Он погладил через шершавую ткань хозяйственной сумки пузатый бок урны с прахом. Допил, что оставалось, и вскоре уснул, навалившись на стенку. Из угла рта потянулась липкая струйка.
Сумку его уже минут десять буравили водянистые близко посаженные глазки. Согнутая старушка, маленькая, худая, с крючковатым носом, перенеслась на скамью напротив, как легкий сухой лист. Зыркнула на алкаша этого – спит-поспит! Ну и сам виноват, что проспал свое барахлишко. А может, и не его это, может, другой кто забыл. Там, в сумке-то, добра, знать, не много – ну да нам все сгодится. Вон какой круглый бочок. Банка, может, с огурцами. Оно хорошо будет, огурчиков… И старушка, ухватив не свое, посеменила прочь.
Васька про сумку не вспомнил. Продрав глаза и вывалившись из вагона, нетвердо зашагал вдоль невидимой силовой линии, которые чуют одни только пьяницы да перелетные птицы. Линия вела его к дому матери.
Борща у мамки поем… Мамка борща нальет… Виделась уже и тарелка, как мать ставит ее на стол: белая тарелка, голубой ободок с небольшим сколом. В тарелке борщ – мясным духом исходит, пар от него. Хлеба ломоть. И лук-репка, на четвертинки порезанный, – как он, Васька, любит.

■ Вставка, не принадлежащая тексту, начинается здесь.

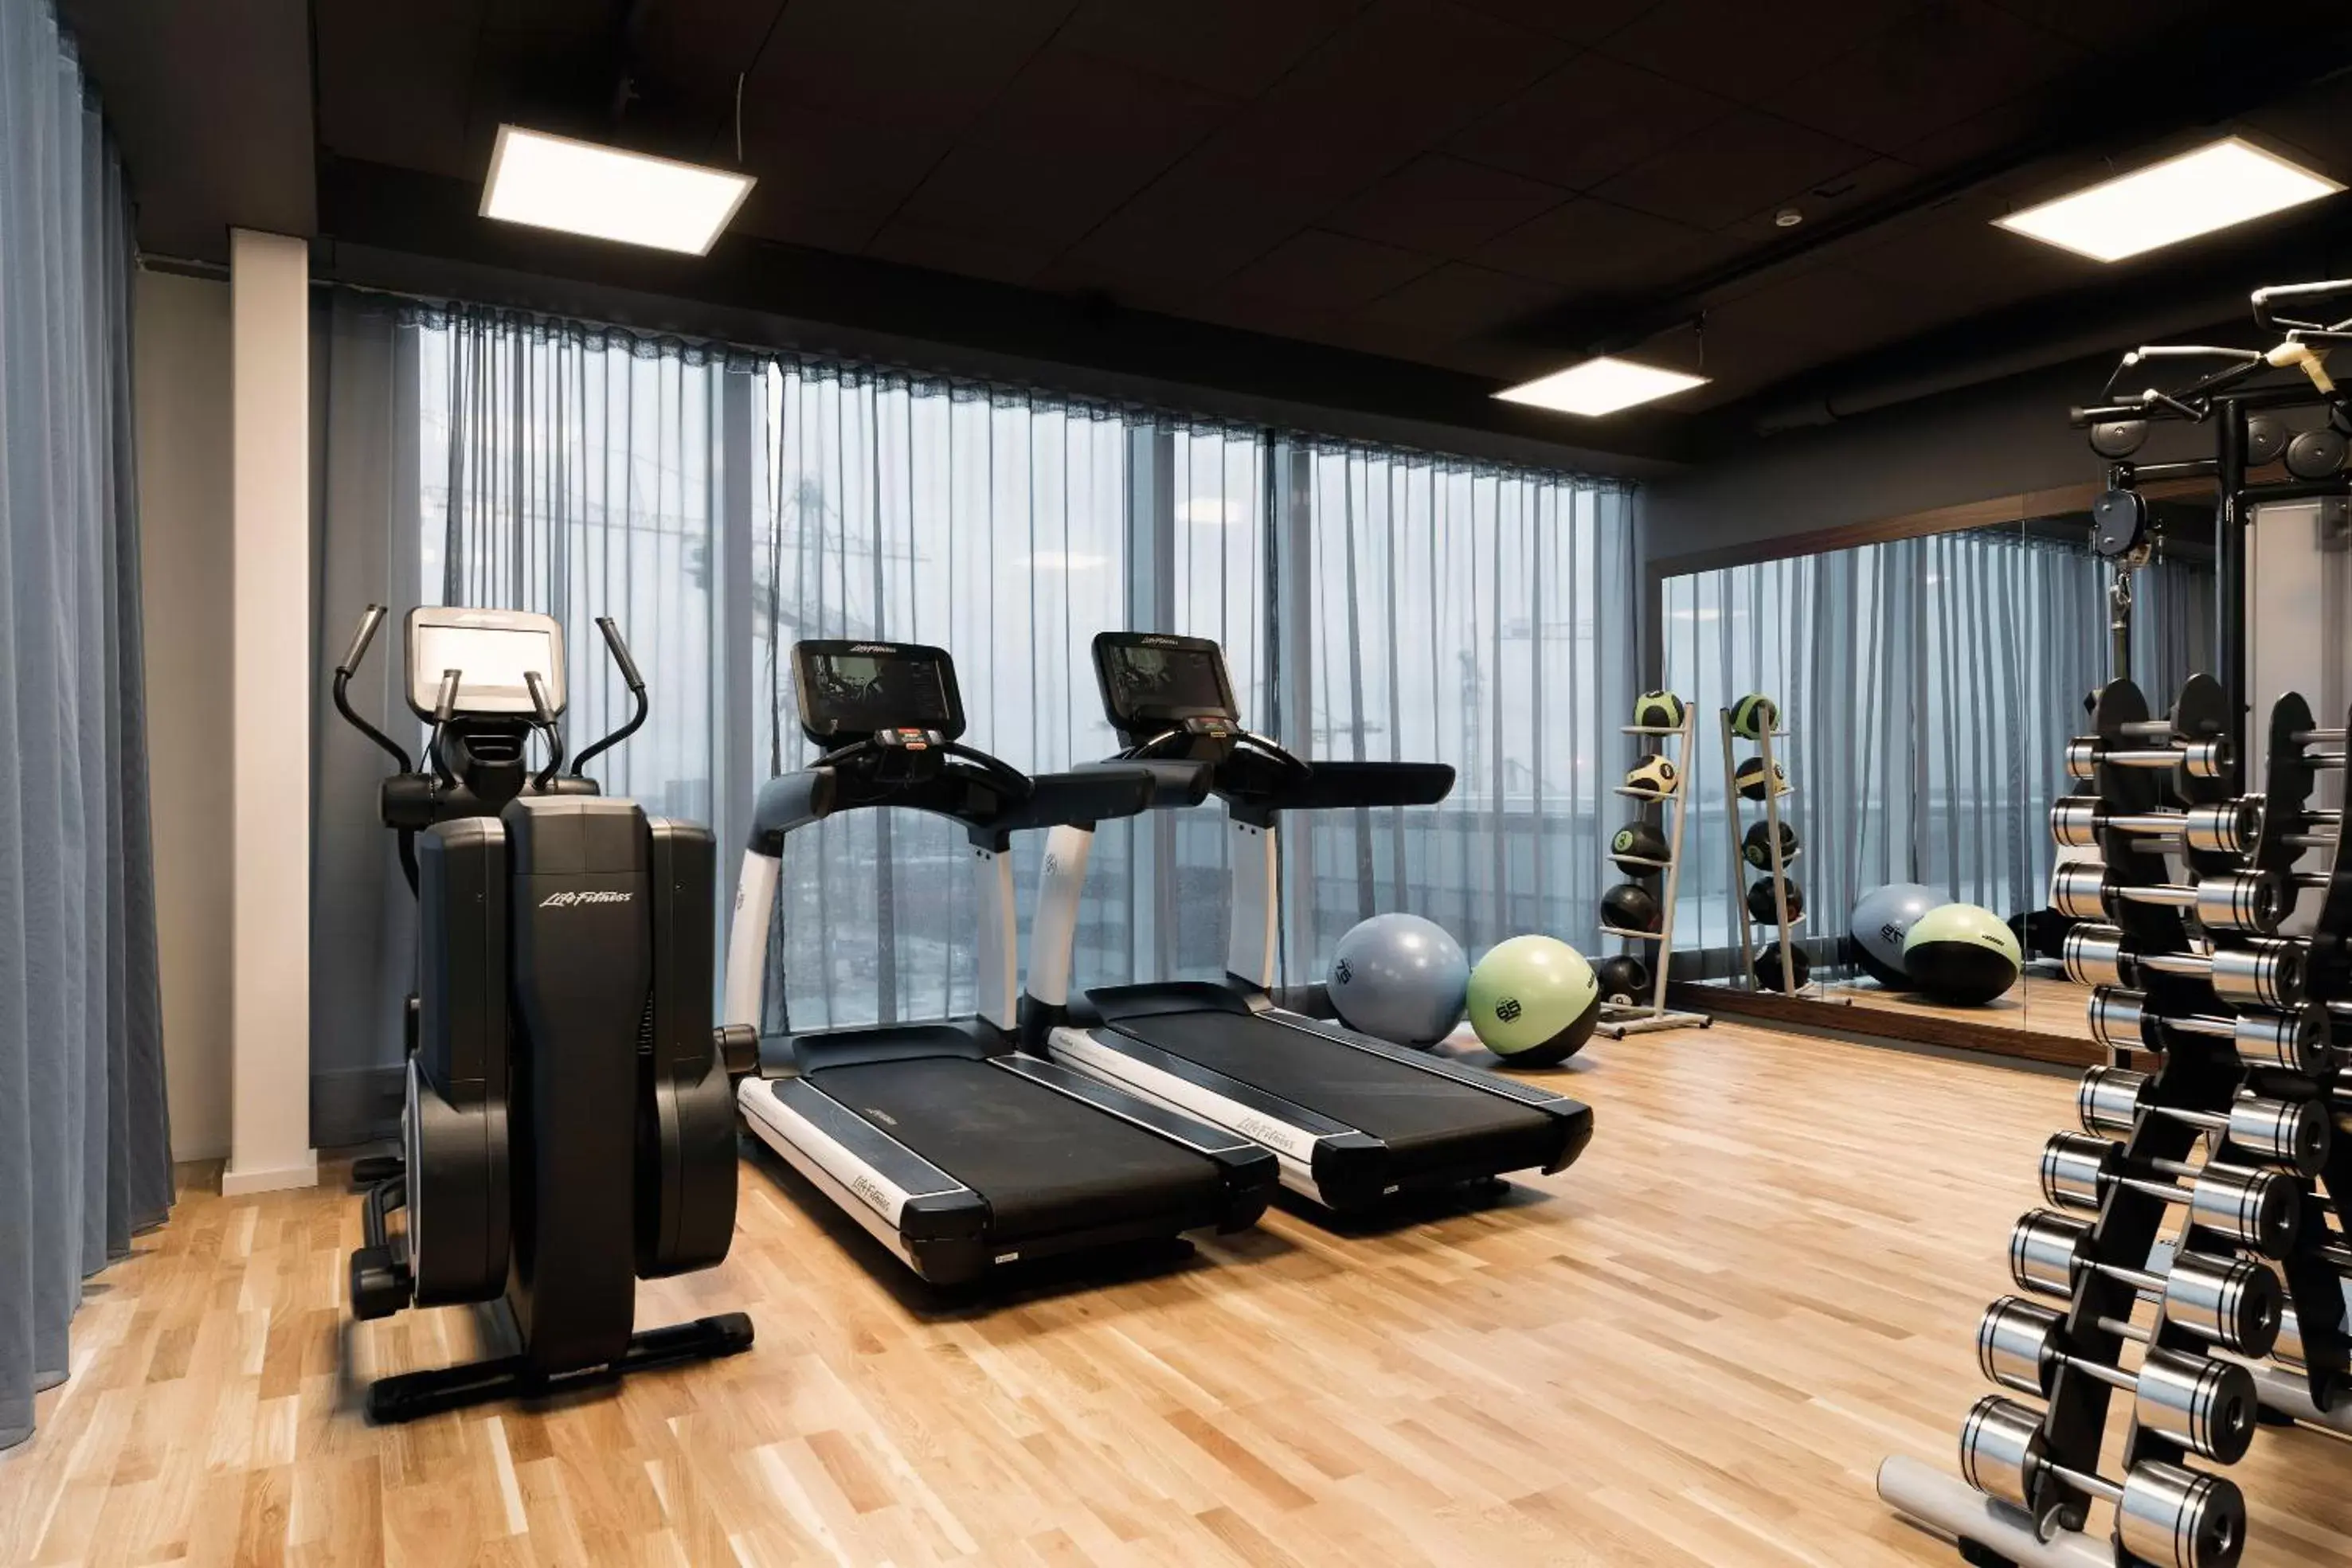 Fitness centre/facilities, Fitness Center/Facilities in Elite Hotel Carolina Tower

Такой лучок у матери! Сладкий.
Дальний Лог
Окраина города Дальний Лог оставалась деревней. Зимой бревенчатые дома уходят в сугробы по самые окна, на двускатных крышах лежат толстые снежные одеяла. Раз в неделю хозяйки выносят за ворота тяжелые истоптанные половики, и на снегу появляются серые дорожки выбитой пыли. Летом тесовые заборы темнеют от дождей, а мокрые кусты в палисадниках встряхиваются, как собаки.
Андрей приехал осенью. Дорога – сплошное месиво, возле ворот бабы-Граниного дома неприятно краснеет рябина, вся в ягодах, как в прыщах. Баба Граня торопила с картошкой: убрать бы до заморозков; и поэтому он не загулял, как гуляют, вернувшись на гражданку, порядочные дембеля, а ковырялся в земле под моросящим дождиком, выворачивая увесистые, покрытые склизкой грязью клубни.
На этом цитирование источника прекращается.